→ **Input material**
———
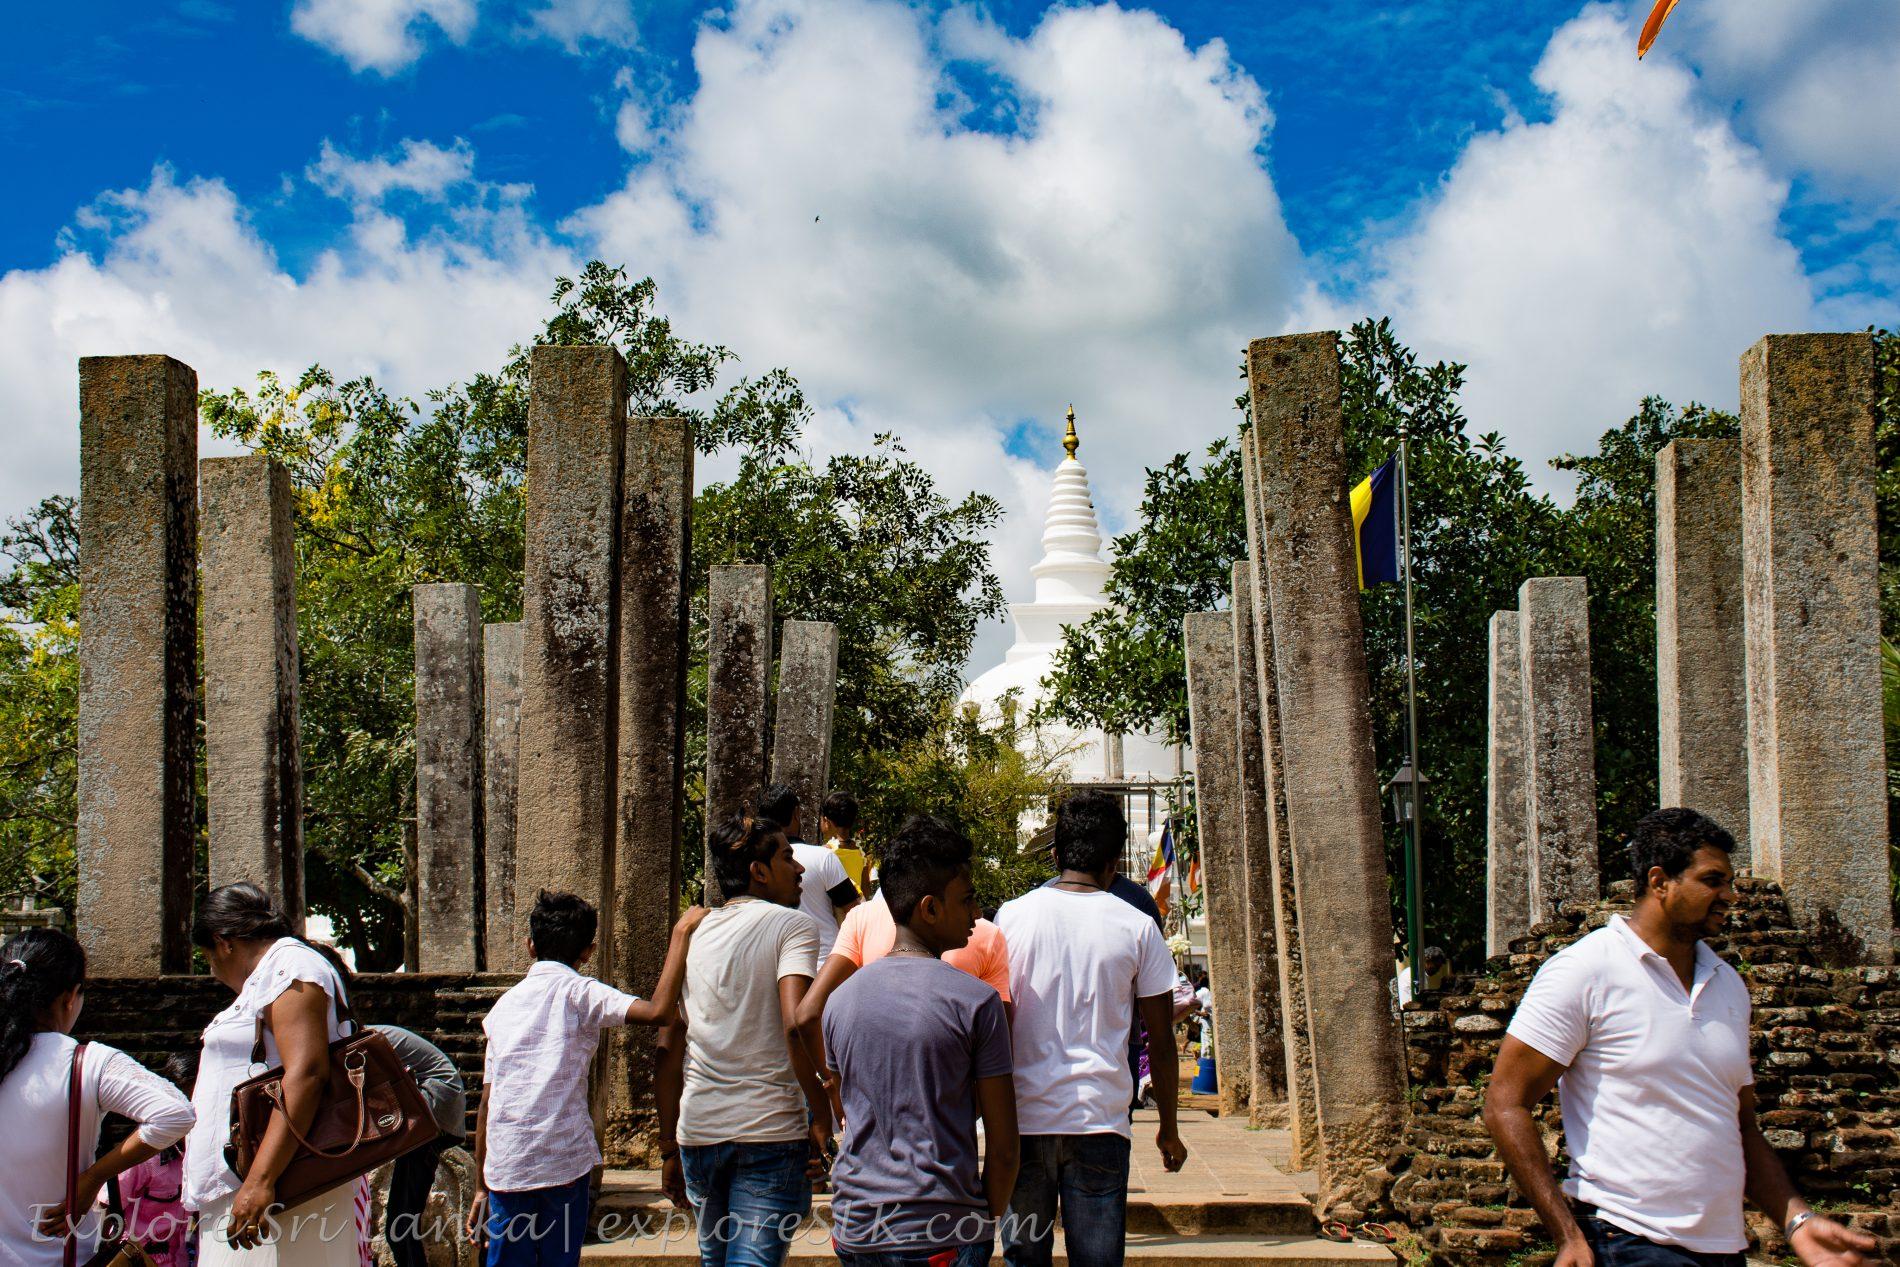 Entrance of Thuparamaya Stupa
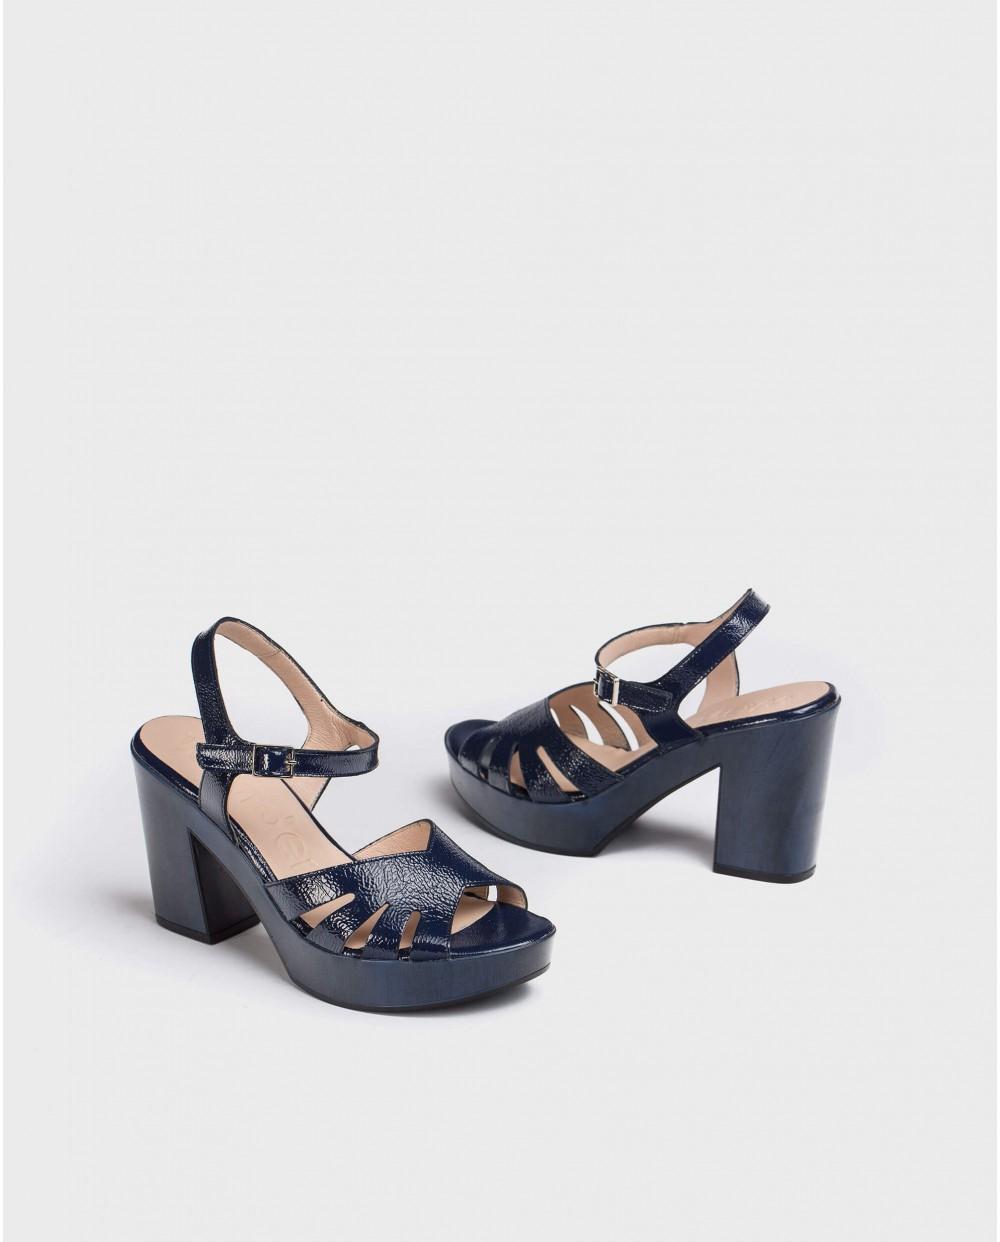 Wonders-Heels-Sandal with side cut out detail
———
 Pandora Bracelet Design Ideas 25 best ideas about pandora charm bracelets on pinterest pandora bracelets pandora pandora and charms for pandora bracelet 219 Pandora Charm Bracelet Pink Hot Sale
———
→ **Work instructions**
Your copy should hold only the lines above from the one containing "Entrance of Thuparamaya Stupa" through the one containing "Wonders-Heels-Sandal with side", exactly as written and free of pictures.

→ **Task result**
 Entrance of Thuparamaya Stupa
 Wonders-Heels-Sandal with side cut out detail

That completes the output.